The Money Behind Michelin's California Ratings
Michelin went statewide in California in 2019 after the tourism board paid $600,000. A look at how money shapes the map of the world's most trusted ratings.

For more than a decade, the Michelin Guide's only foothold in America's West was here. The Bay Area edition, covering San Francisco and Wine Country, was where the famous red book planted its California flag, and for years a star from its anonymous inspectors was the region's highest culinary honor. Then, in 2019, the Guide suddenly went statewide, adding Los Angeles, San Diego, Sacramento, Monterey and Santa Barbara in a single sweep. What changed was not California's cooking. What changed was that somebody paid.
The $600,000 expansion
Visit California, the state's tourism board, paid Michelin $600,000 to take the Guide statewide, a deal reported by Forbes and the San Francisco Chronicle. Visit California's chief executive was candid that the money would "underwrite the hard costs of expanding the presence of Michelin inspectors throughout the state." Michelin, for its part, compared the arrangement to a newspaper's separation between advertising and editorial: the tourism board funds the coverage, the inspectors decide the verdicts.

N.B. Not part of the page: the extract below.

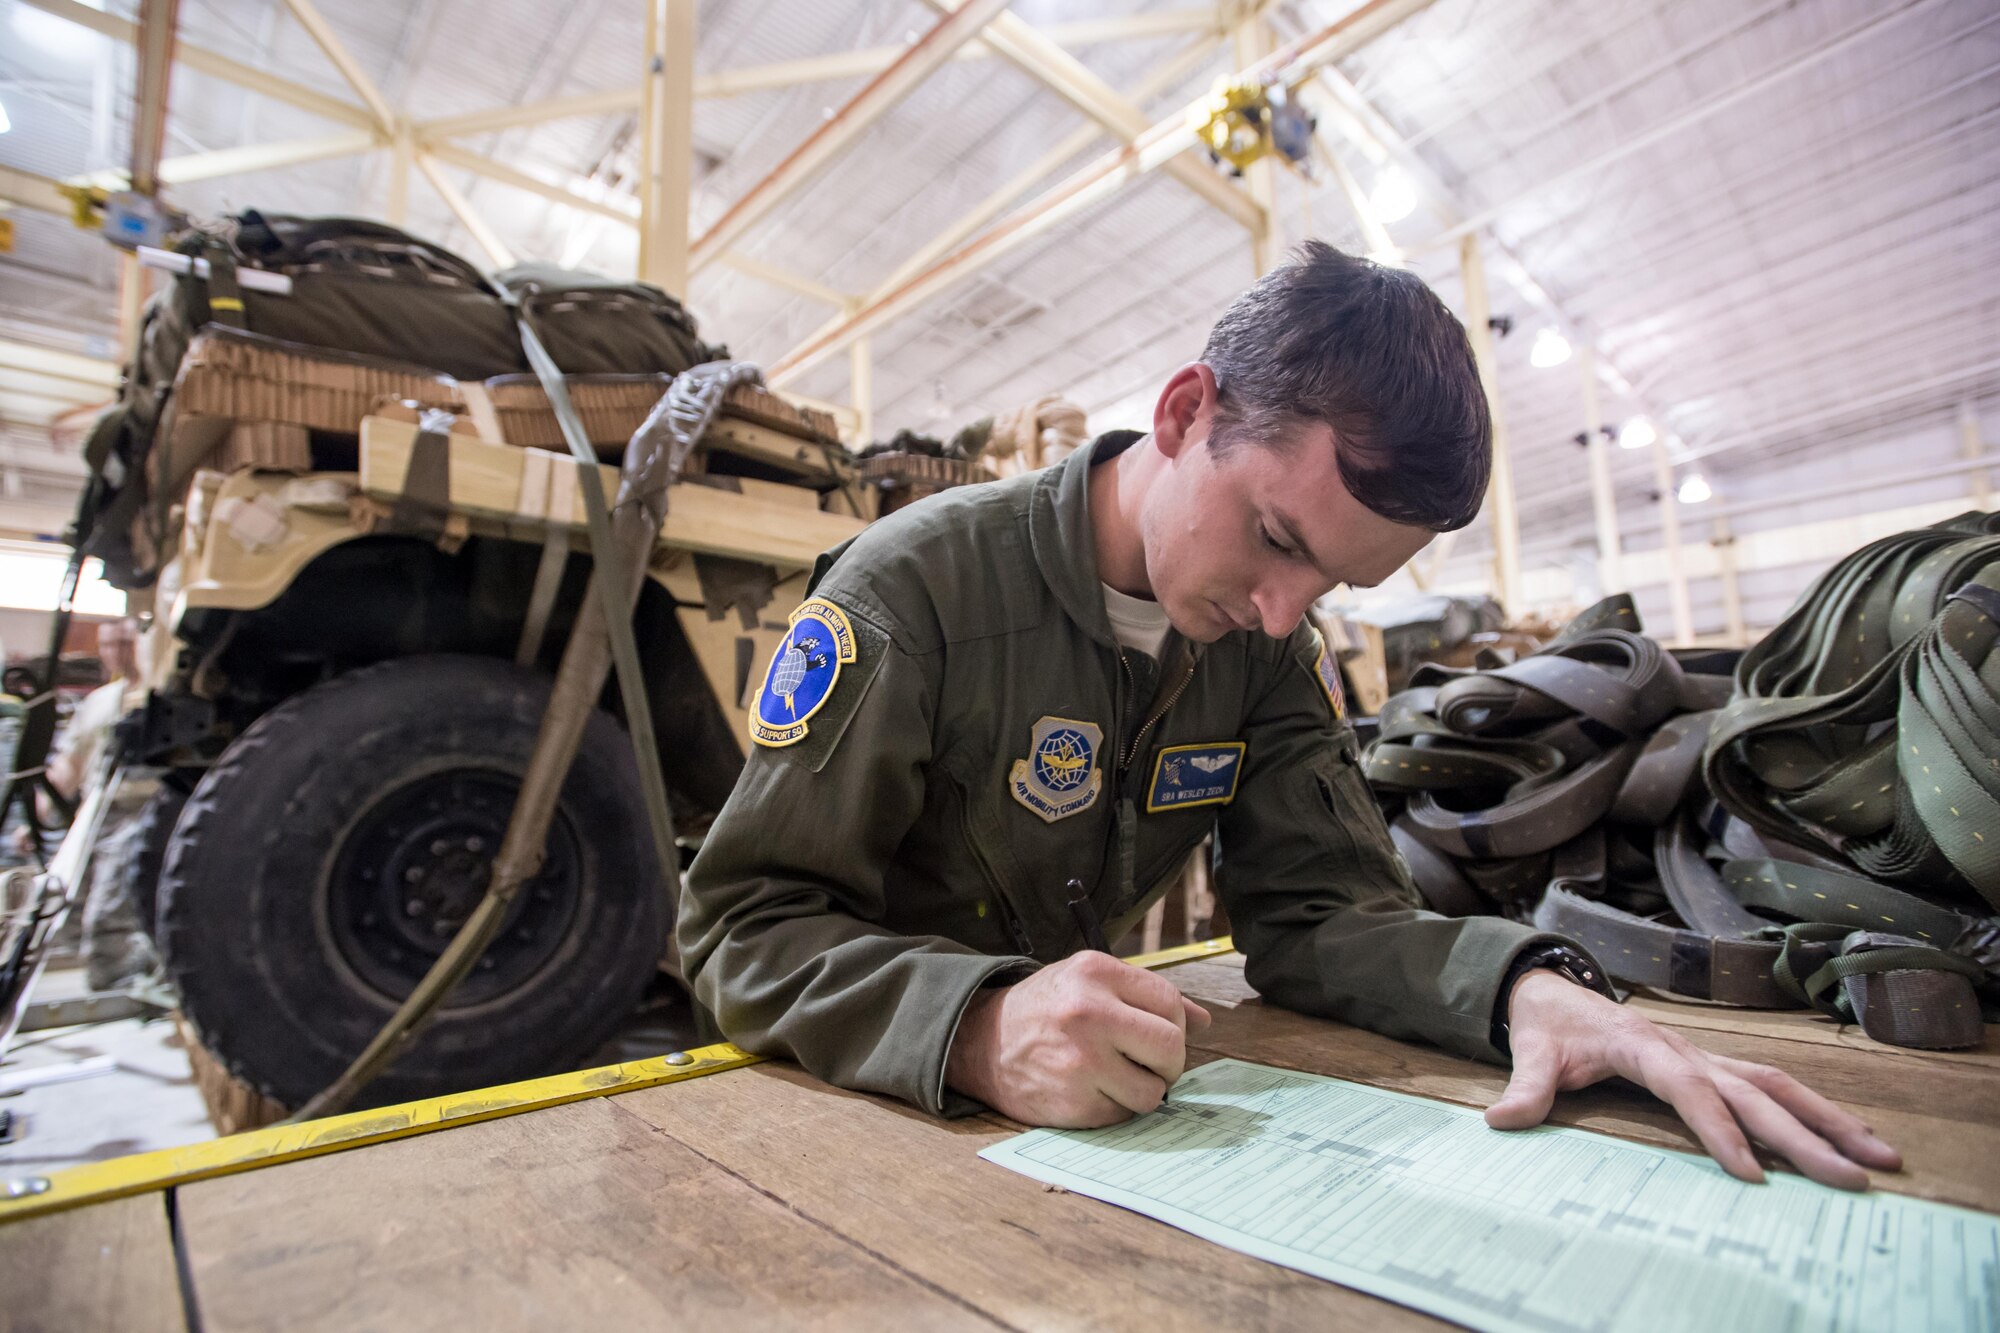 Senior Airman Wesley Zech, a 43d Operations Support Squadron joint airdrop inspector, completes paperwork to clear heavy equipment for airdrop after an inspection at the Army’s Heavy Drop Rigging Facility here April 26. Zech worked with fellow 43d OSS inspectors to ensure more than 200 tons of cargo were ready for airdrop from Air Force C-17s and C-130s flying out of Pope Field during a large package joint training exercise April 26-30. The 43d OSS is part of the Air Force’s 43d Air Mobility Operations Group, which provides 24/7 operational and training mission support for visiting Air Mobility Command aircraft and crews, for the 82nd Airborne Division and other Army units here, and for joint special forces units at Fort Bragg. (U.S. Air Force photo/Marc Barnes)
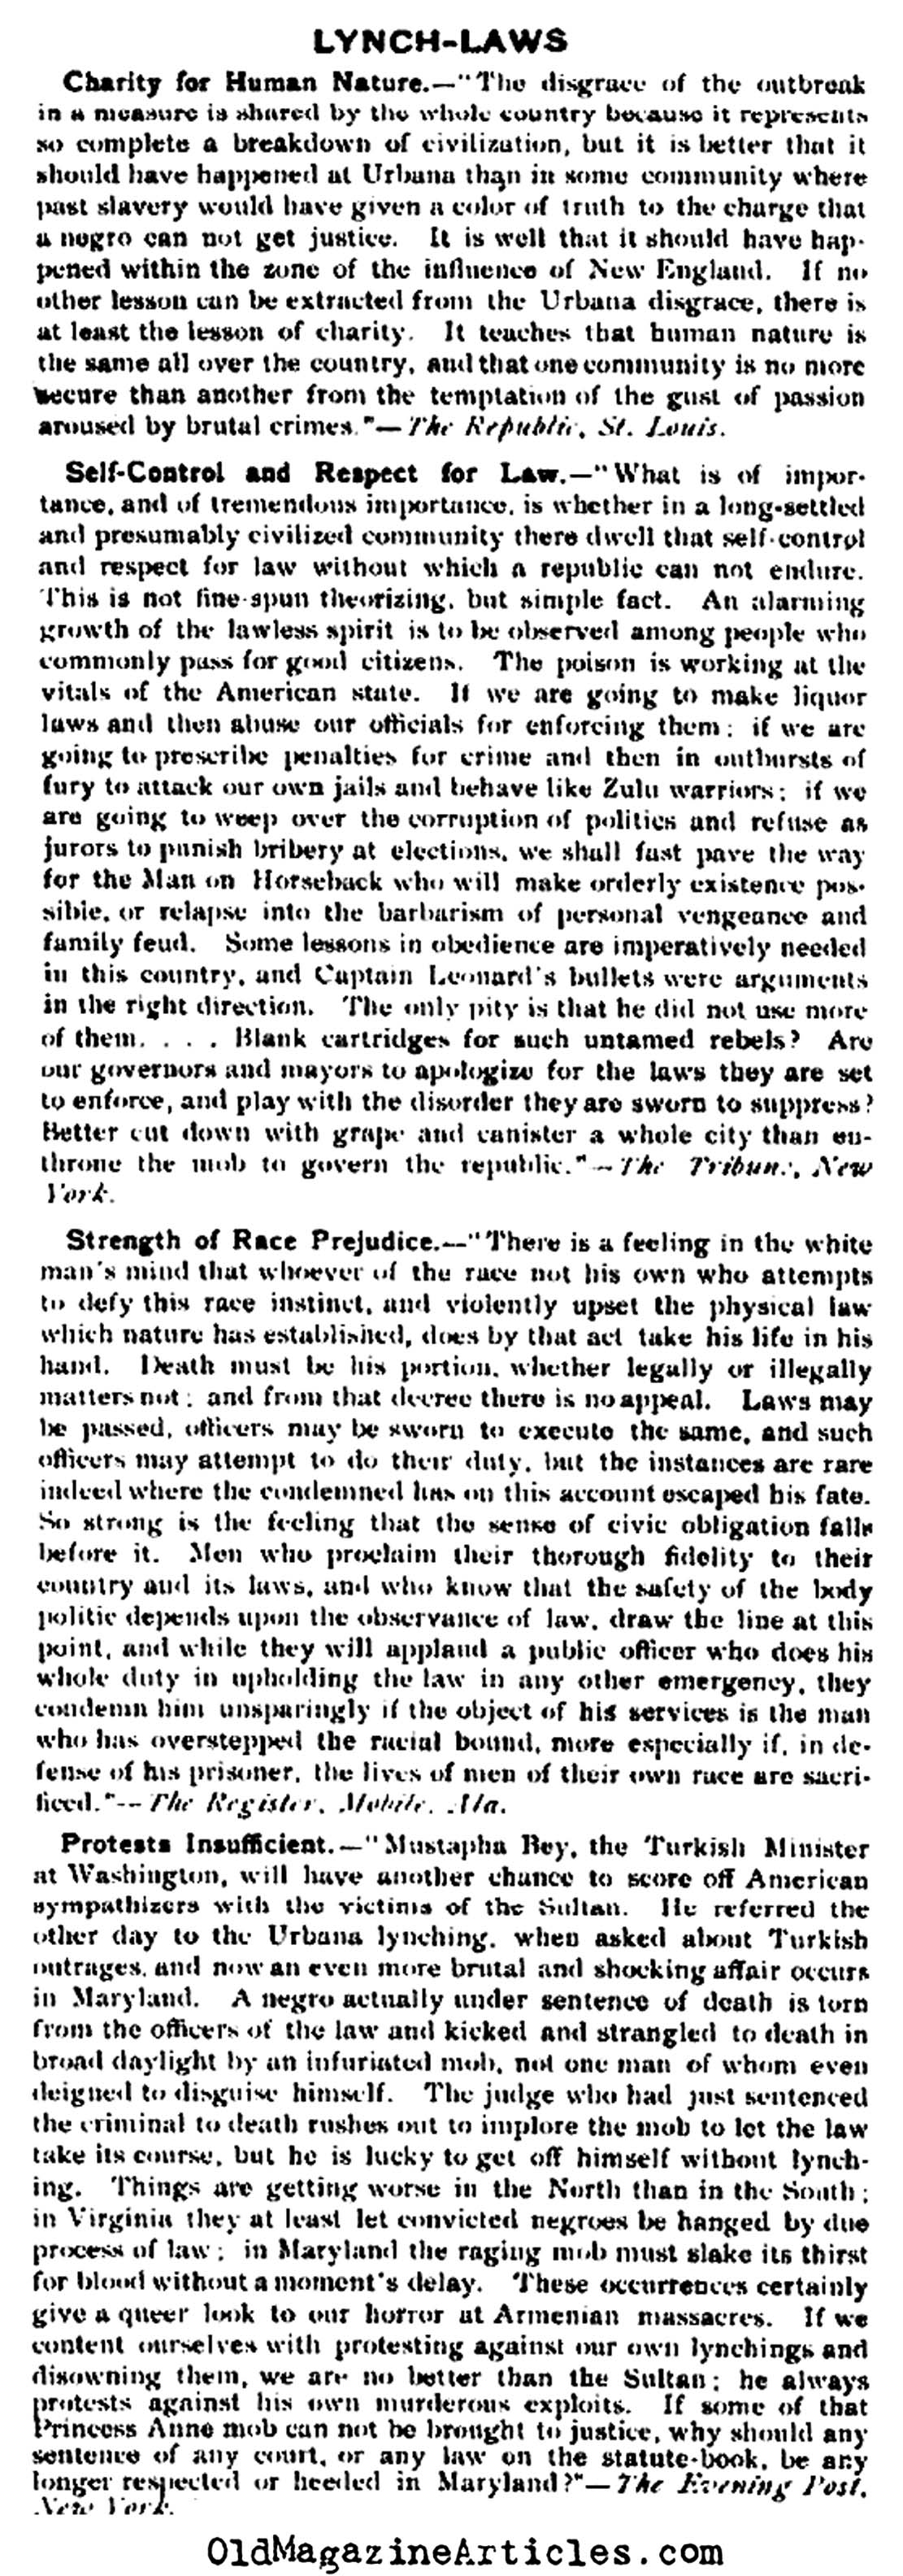 Lynch Mobs in Ohio and Elsewhere (Literary Digest, 1897)

Take the defense at face value and a structural fact still remains. Michelin's map is not drawn by merit alone. A restaurant in a region no tourism board has courted cannot win a star, however good its kitchen, because the inspectors simply are not sent there. Recognition requires coverage, and coverage, in the best documented American case, arrived when a check cleared.
Now the same model rates hotels
In 2024 Michelin extended the system to hotels with the Michelin Key, and Bay Area properties were among the first anointed. The Key carries the same promise as the star: salaried inspectors, anonymous stays, rooms paid for in full. At the property level there is no evidence that promise is broken. No hotel can buy a Key.
But the Guide is no longer only a judge of hotels. It is also a hotel marketplace. Since acquiring the booking platform Tablet Hotels in 2018, Michelin has sold rooms directly on guide.michelin.com, and its own pages spell out the economics. Some award winners are bookable straight through Michelin ("Book direct on MICHELIN Guide," offers the page for one Three Key property). Others are filled through a third party, with a note under the booking button: "We secure prices for this hotel via a partnership with Booking.com." Either way, when a reader books a hotel the Guide recommends, revenue flows toward the recommender. Travelers on forums like FlyerTalk noticed the arrangement almost immediately, and have been asking what it means for impartiality ever since.
Reading the medals like a local
None of this makes the ratings worthless. Bay Area diners and travelers can trust that the inspectors visited, that the criteria are demanding, and that the establishments at the top belong there. What the money changes is how to read the edges of the system. The absence of a star or a Key may reflect nothing more than an unfunded region. The presence of a booking button beneath a glowing review means the reviewer's employer profits from your agreement with the verdict. And the Guide's growing American footprint traces the enthusiasm of tourism budgets at least as faithfully as it traces excellence.
Michelin built a century of trust on the claim that its judgments cannot be bought. At the level of a single restaurant or hotel, that claim appears to hold. At the level of the map itself, California knows better than anywhere that the Guide goes where it is paid to go.